As with Ammonia, nitrites are toxic to the fish in particular. Nitrates are necessary for plant growth. With nitrites, you do not want to exceed 6ppm, which again is already considered toxic. Keep nitrite levels at or below 1ppm. As for nitrates, which are more easily tolerated by the fish, normal acceptable operating range is between 10‐20 ppm.

Getting Ready to Build the System – Sourcing the Components:

So now that you understand the basics of Aquaponics, it’s time to build the aquaponics home system. There are literally thousands of variations and modifications that one could make for an aquaponics system. The model herein proposed aims to produce a high‐yield crop with minimal maintenance and care on a minimal amount of space, indoors or outdoors. The first step after having reviewed this manual, is to source the parts. There are three part components to the system: Fish, Plants, and Hardware:

Fish

A variety of freshwater fish can and have been used for aquaponics systems, including carp, goldfish, trout, smallmouth bass, largemouth bass, catfish, and tilapia to name a few. In the United States and Canada, local regulations allow for the growing of certain of these freshwater fish, so you will need to check with your local University, Agricultural Extension office, or even pet store to determine what you can use in your specific geographical area. The decision now is whether to buy Fry or Fingerlings. The fish fry will cost you less, but they will take longer to mature, which equates to a longer time to reach adequate nitrate levels and system optimization. Conversely, although the fingerlings will be more expensive relative to the fry, they will be churning out more excrement early on during the system optimization process, which in turn equates to an earlier start on growing vegetables. You decide. You can even locate a local aquaculturist and buy mature fish directly. Beware of adding Fry to adult fish; they may be eaten. So, in case you are contemplating to raise your own fish, use a separate hatchery tub.

Plants

Based upon your decision surrounding your choice of fish, and the stage of their maturity, you will now need to give thought to your plants. The aquaponics system can be a float-based system, and you can either start your seedlings already in the floats or you can transfer the shoots from a seedling bed attached to the system (an option for which your plans here allow) or from a conventional seedling tray. At this point, a quick discussion of a float system (also known as “raft” systems) is relevant.
In a raft system the plants are grown on Styrofoam boards or similar material that float on top of water. In most cases, this tank (the grow bed) is separate from the fish tank. Water flows continuously between the two tanks. The beneficial Nitrosomanas and Nitrobacter bacteria live throughout the system. Their biology is such that they need a substrate – or surface – on which to attach for the life cycle. This ends up being the walls of the tank, the pipes, the underside of the floats, and, interestingly enough, the very roots of the plants themselves.
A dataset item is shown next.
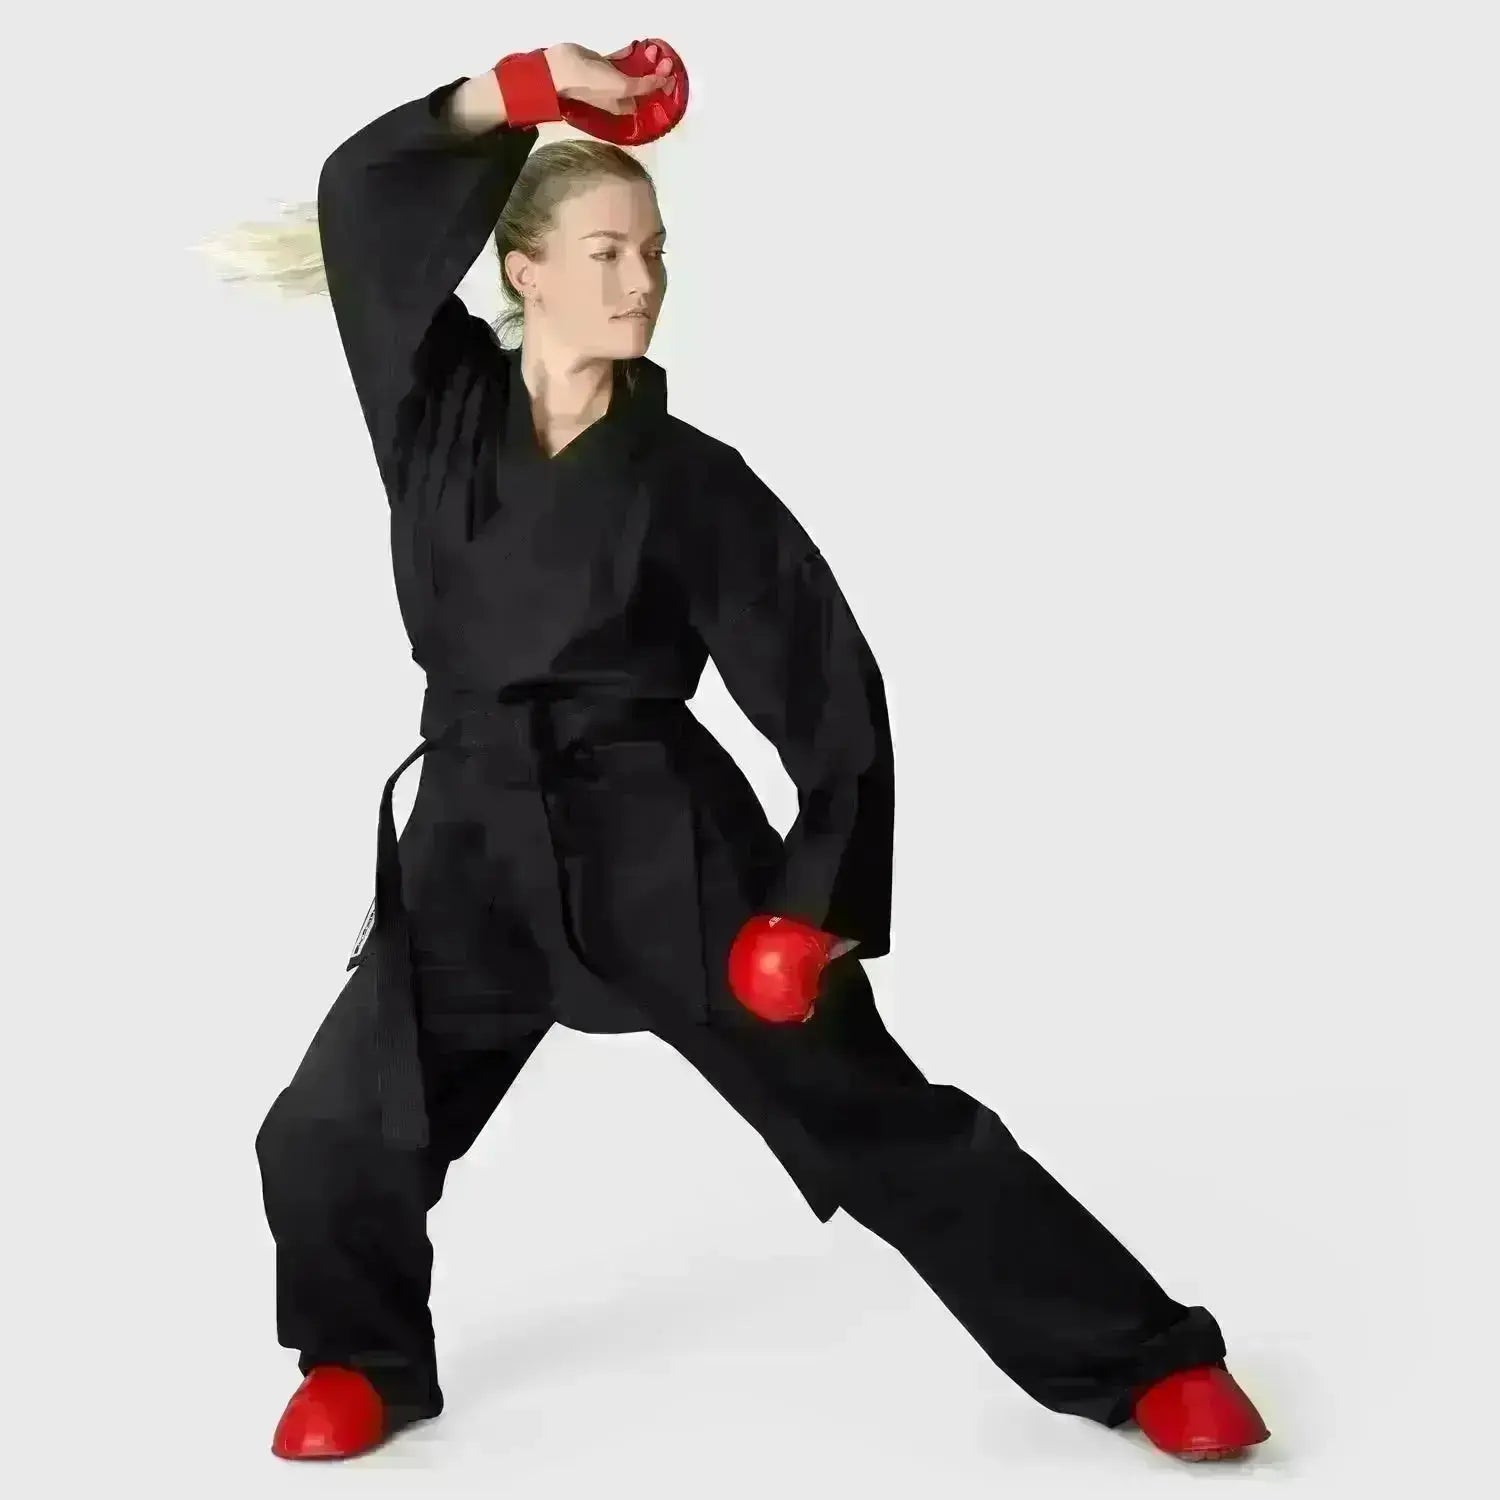 Bytomic Red Label 7oz Lightweight Adult Martial Arts Uniform

Having a separated raft tank provides extra benefit in that the raft tank provides an added buffer for the fish (in terms of water quality and quantity), reducing stress and potential water quality problems. This is one of the greatest benefits of the raft system. Raft / float systems optimize floor space and maximize growing space, which in the case of our aquaponics home system, makes. It ideal for beginners who have limited space.
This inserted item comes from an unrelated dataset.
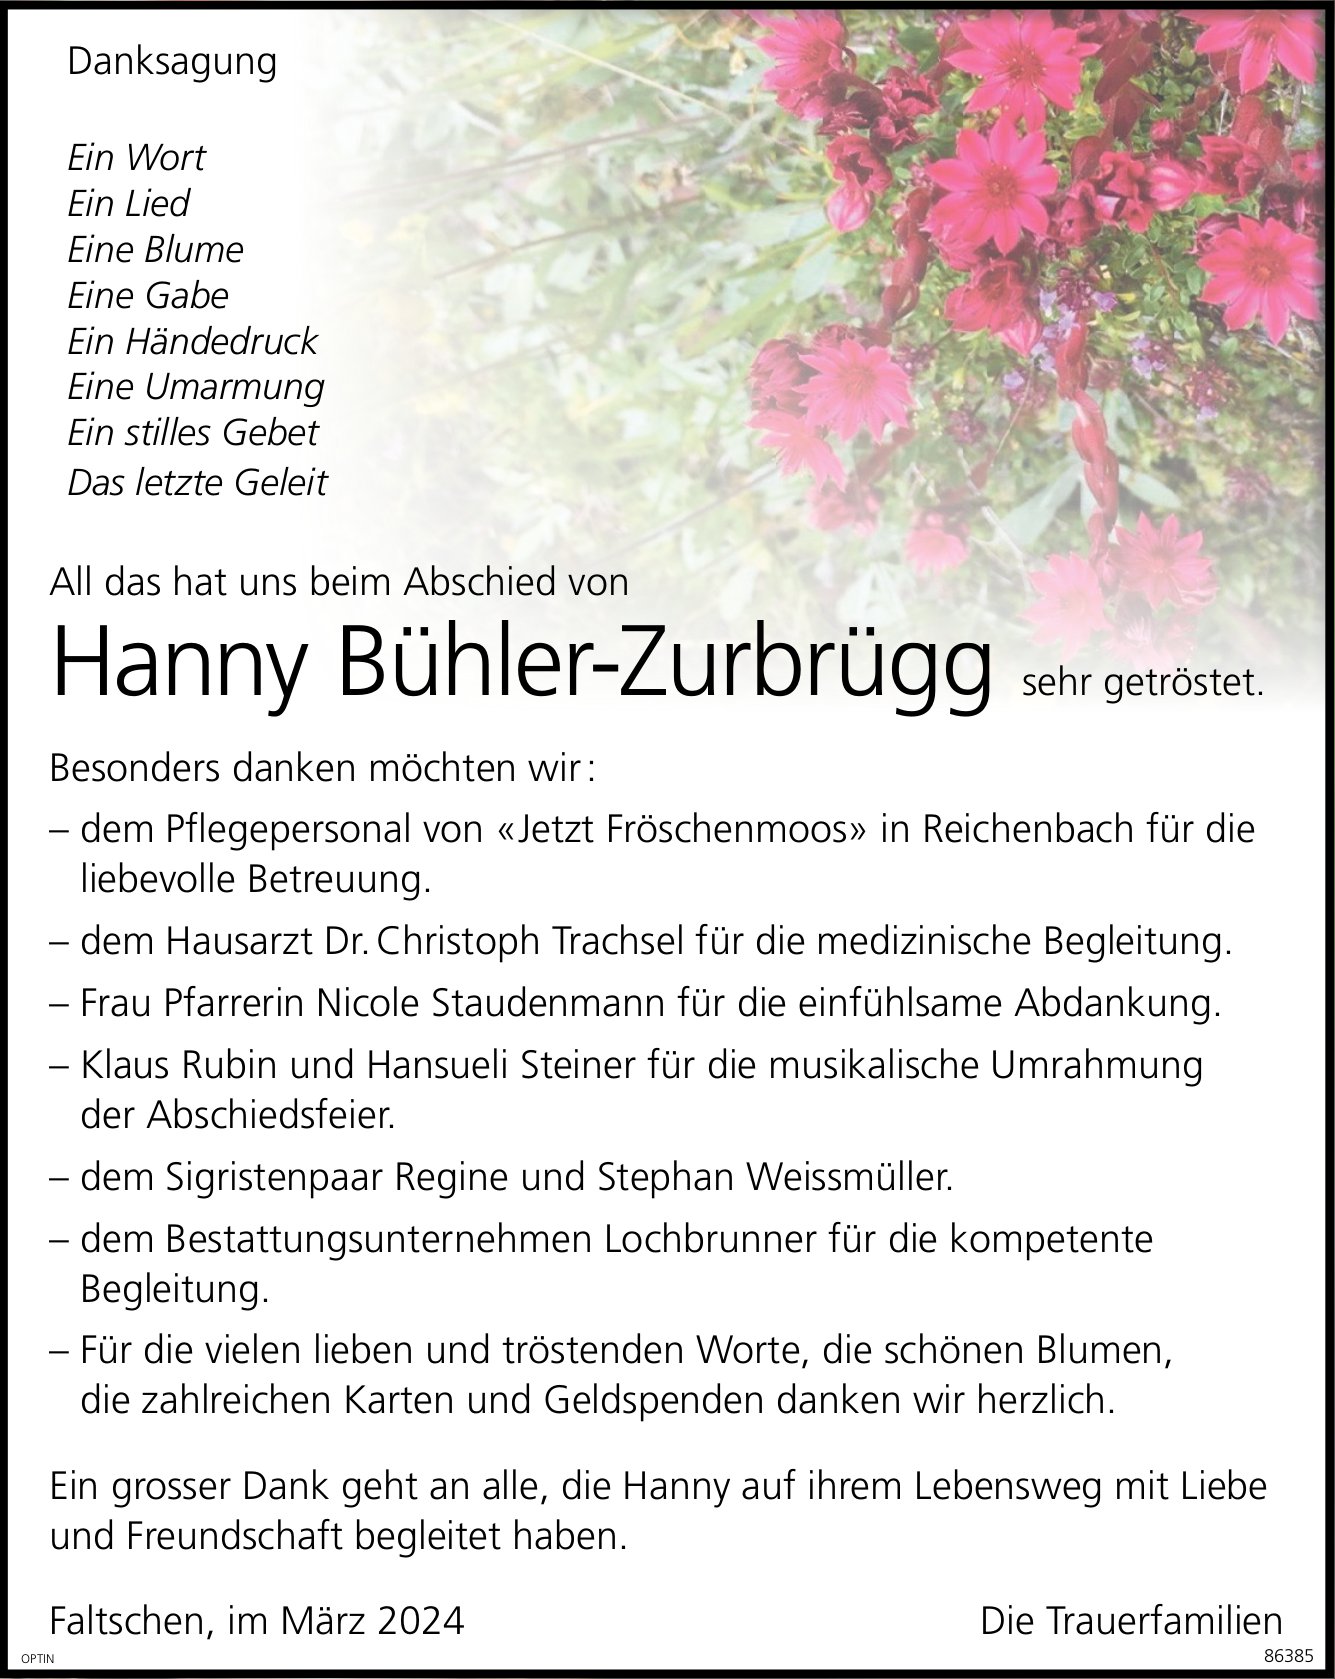 Hanny Bühler-Zurbrügg sehr getröstet., im April 2024 / DS

To maximize the system, you want to opt to sprout your plants in a separate grow bed and only transfer them once the roots are long enough to become part of the grow bed. As for the starter medium for the seedling pots, we recommend coconut fiber. It holds both water and air very well and is a great natural organic choice. Use net pots filled with coconut fiber and place the seeds inside. Then, water twice a day, ideally with the nutrient‐rich aquaponics water. Thin out the seedlings and delight in the young life!

Once the seedlings have reached maturity – generally 2‐3 weeks for leafy greens – you will transfer them to the grow beds. You will quickly learn the grow times and maturation times of the various plants that you select to grow.

Have fun, experiment with different varieties and combinations. The goal is to have a continually rotating crop base that is constantly yielding while seedlings are growing.